The task: Please keep the images out and set down the data exactly as given.

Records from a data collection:
──────
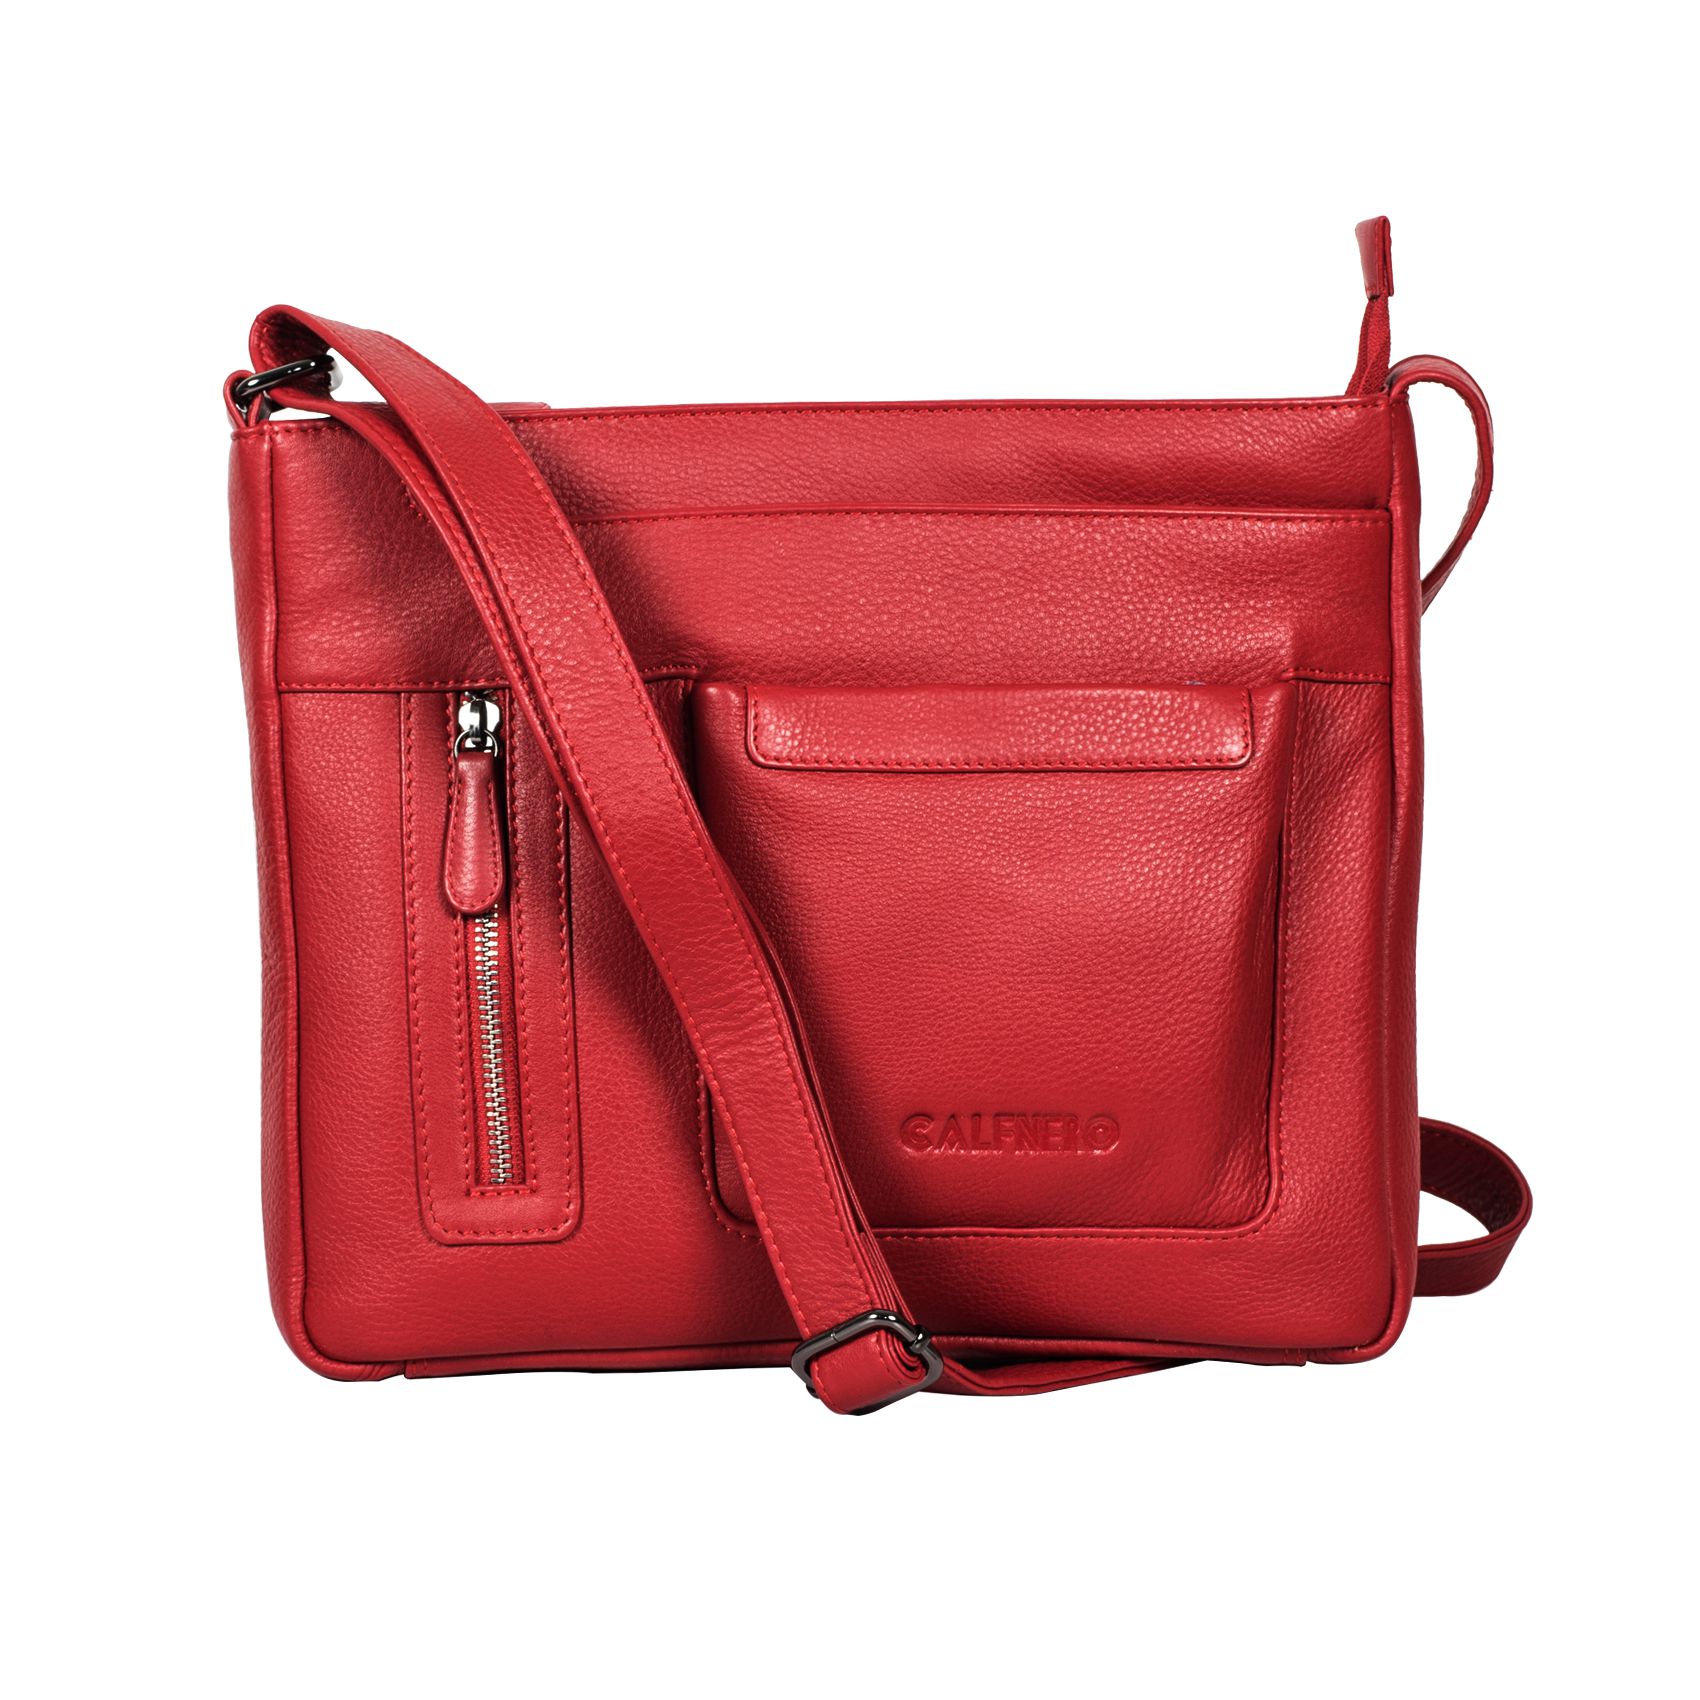 Calfnero Red Pure Leather Sling Bag - Buy Calfnero Red Pure Leather Sling Bag Online at Best ...
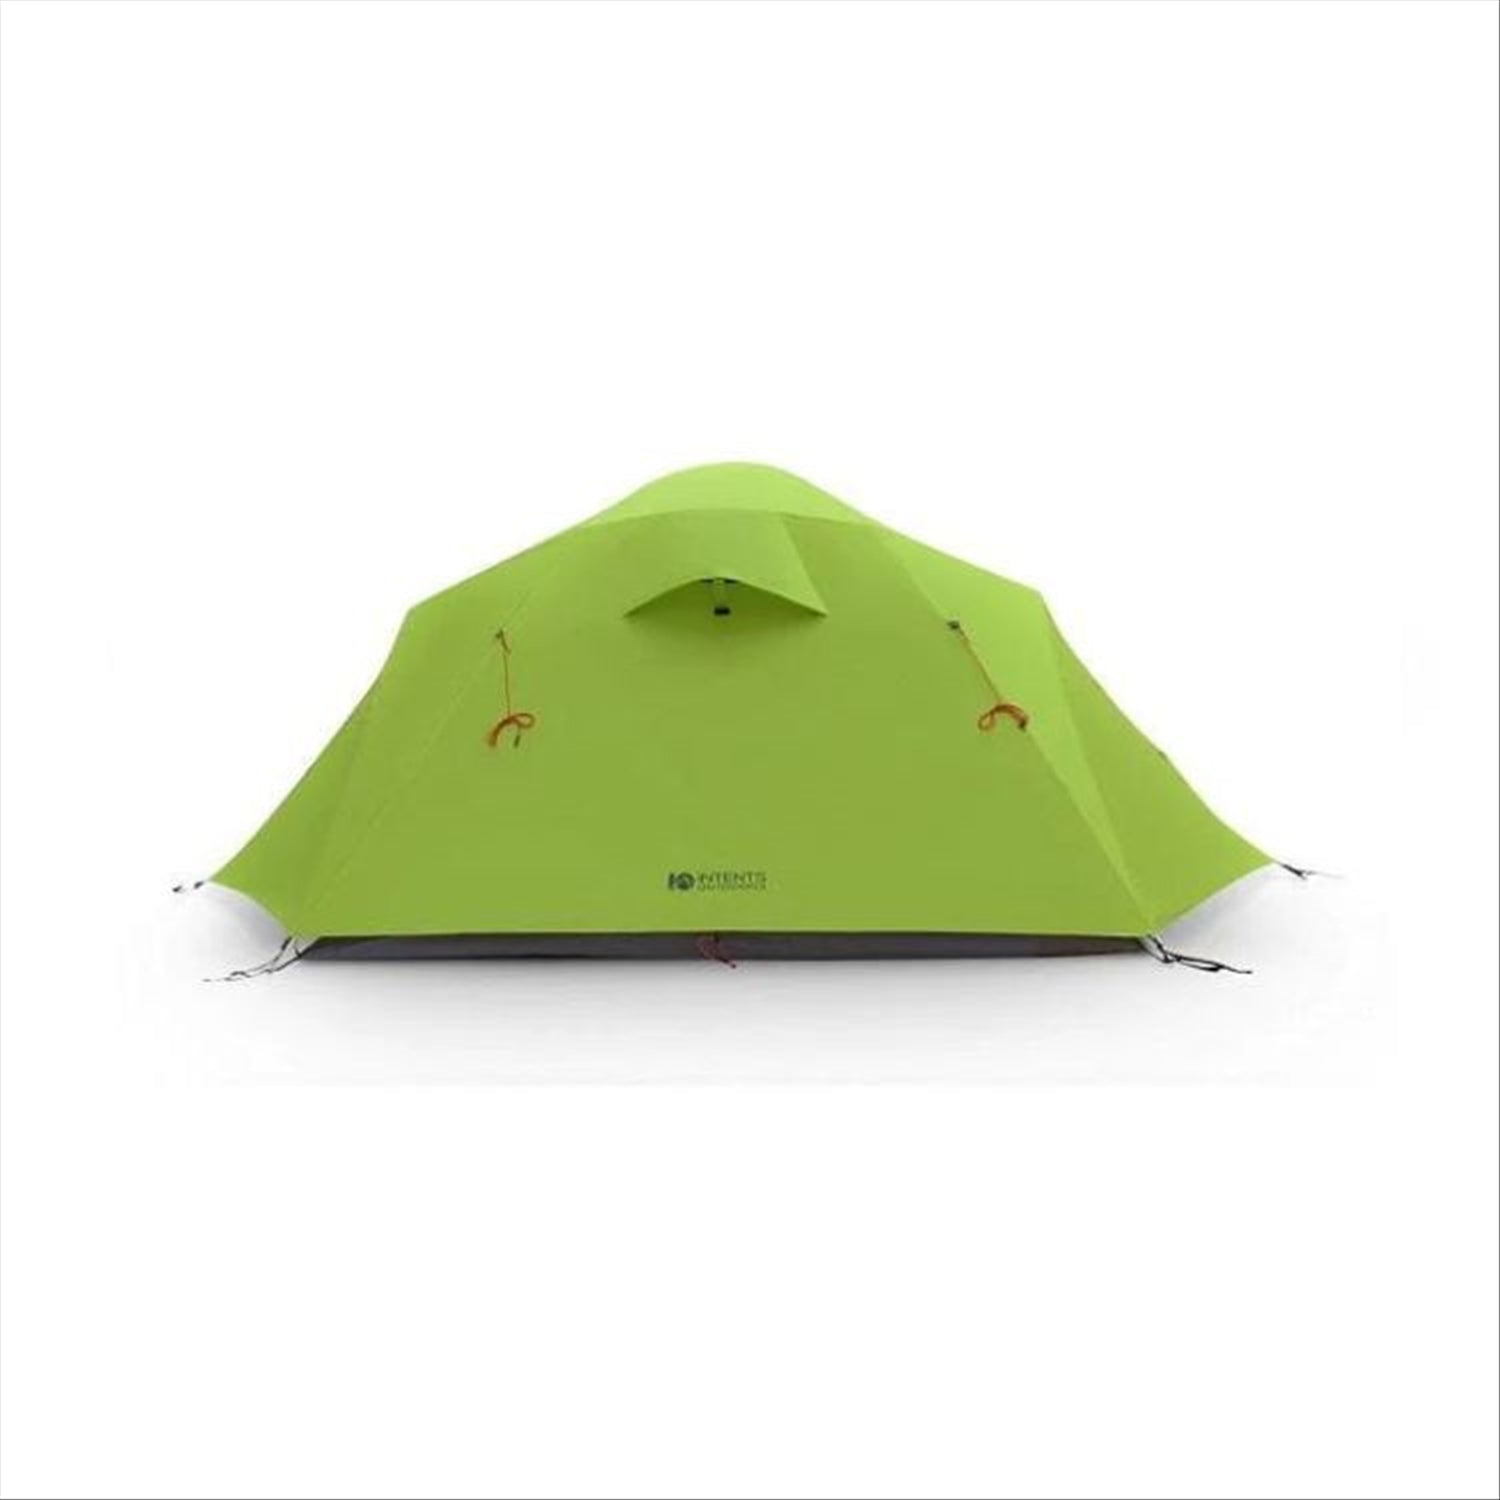 Titan 3 - 'All Weather Series' Camping Tent, 3 Person, 3.75kg
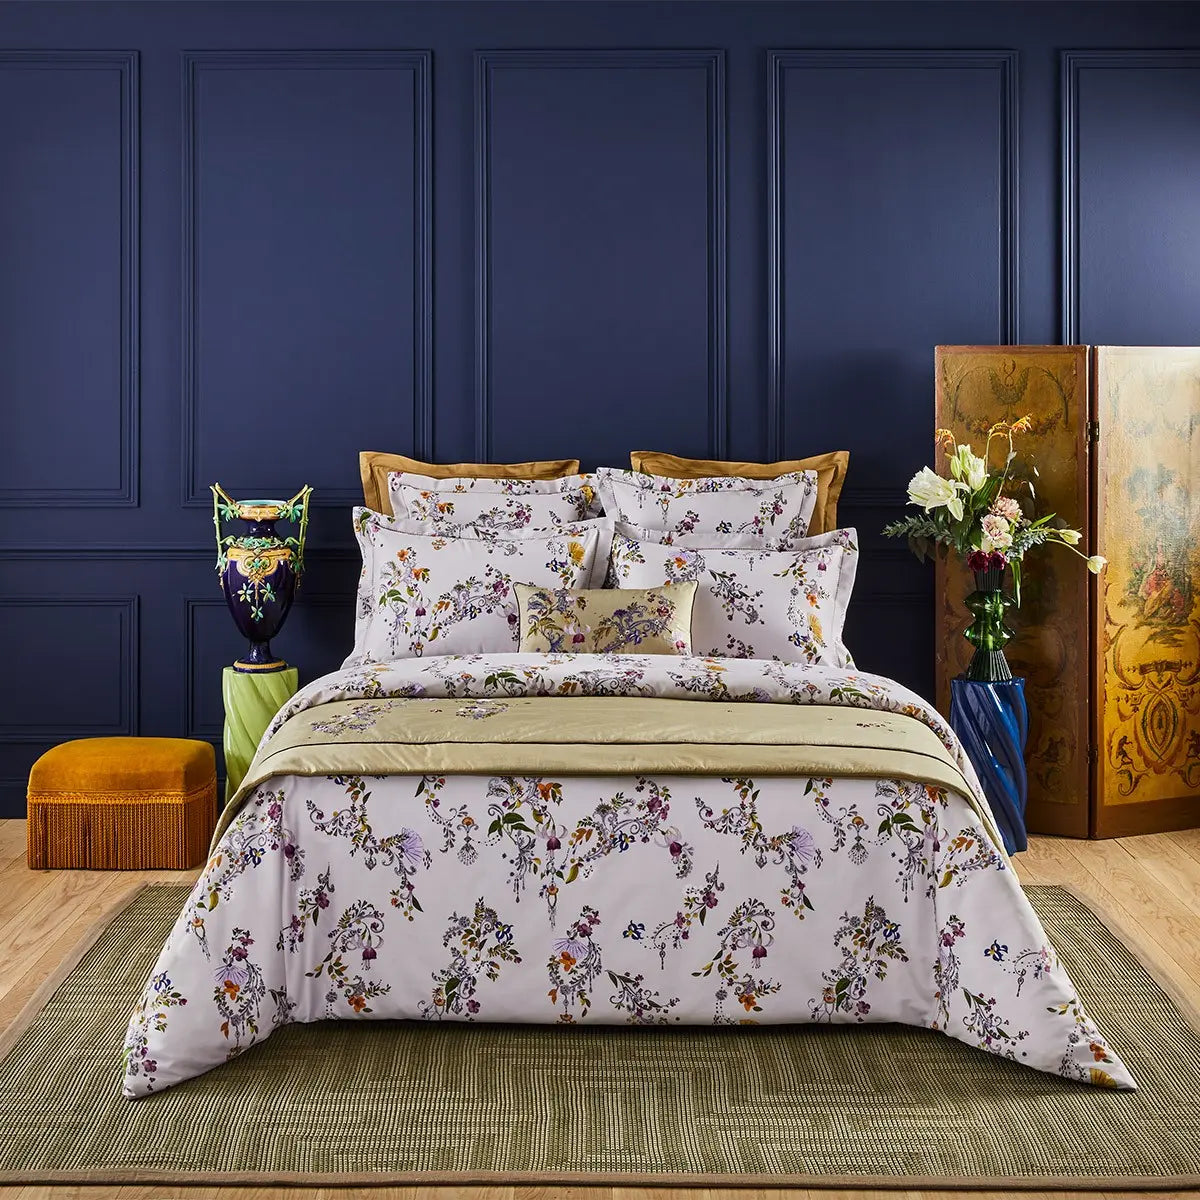 Yves Delorme Romances Bedding Collection in a room
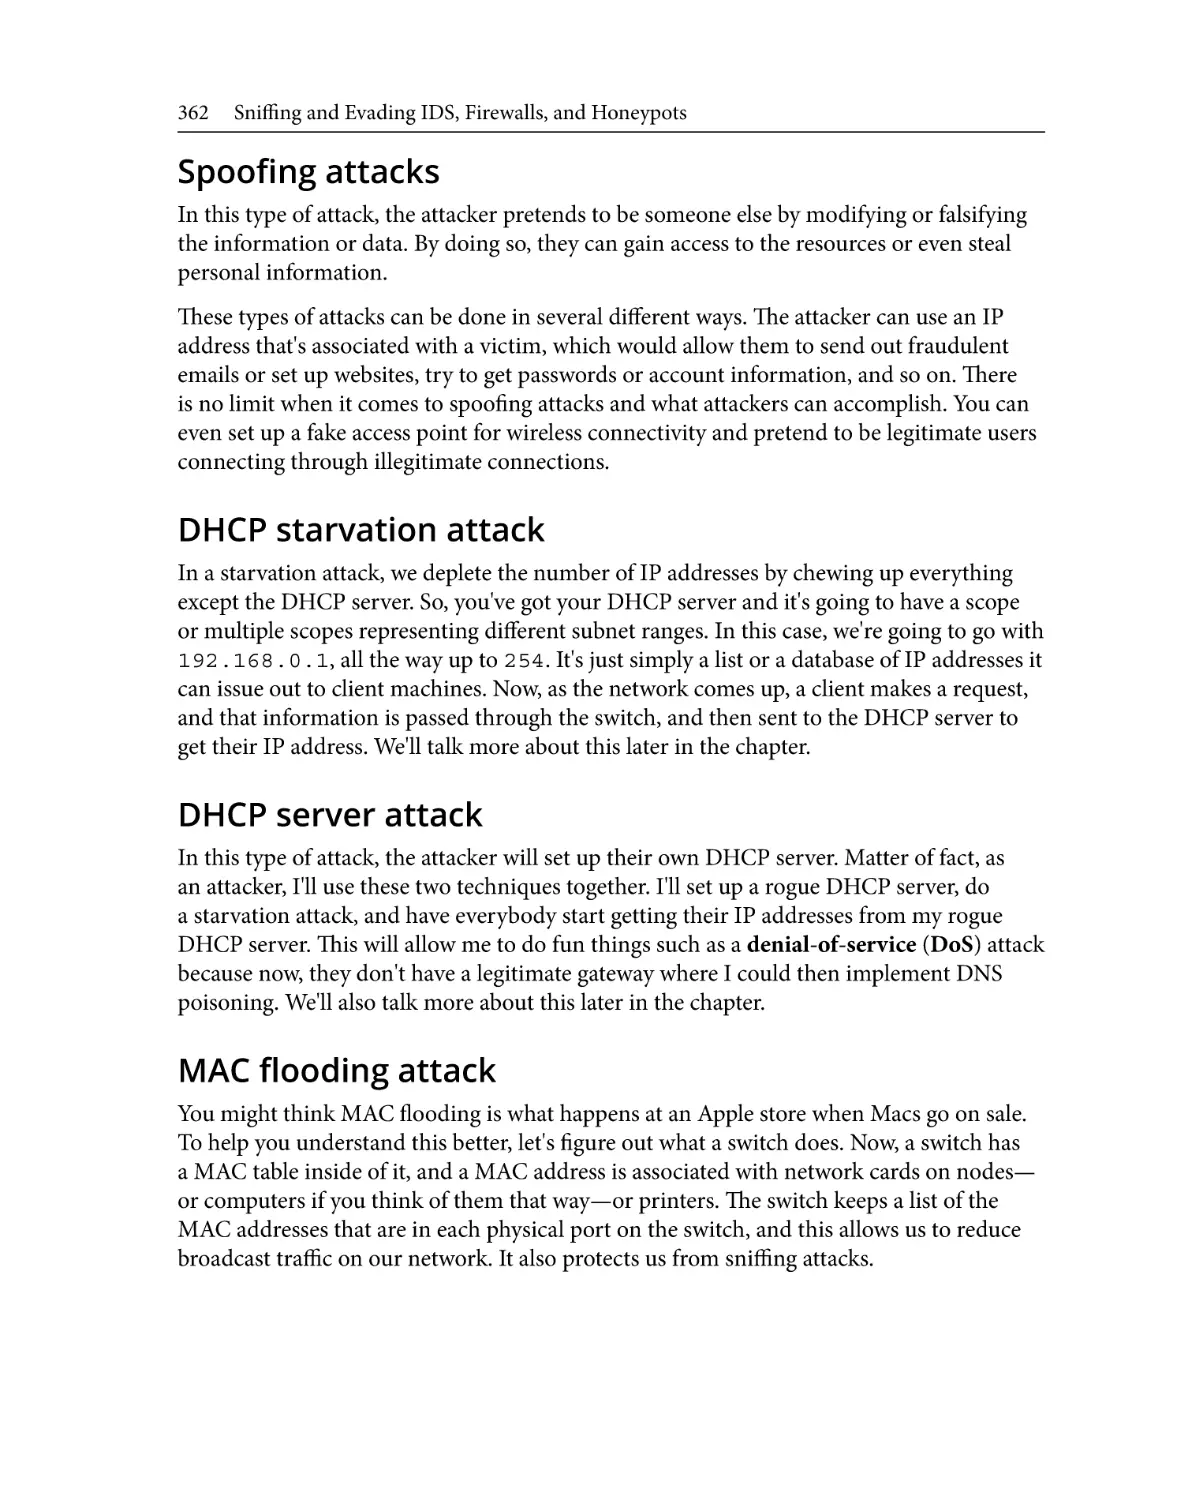 Spoofing attacks
DHCP starvation attack
DHCP server attack
MAC flooding attack
──────
Response area:
 Calfnero Red Pure Leather Sling Bag - Buy Calfnero Red Pure Leather Sling Bag Online at Best ...
 Titan 3 - 'All Weather Series' Camping Tent, 3 Person, 3.75kg
 Yves Delorme Romances Bedding Collection in a room
 Spoofing attacks
DHCP starvation attack
DHCP server attack
MAC flooding attack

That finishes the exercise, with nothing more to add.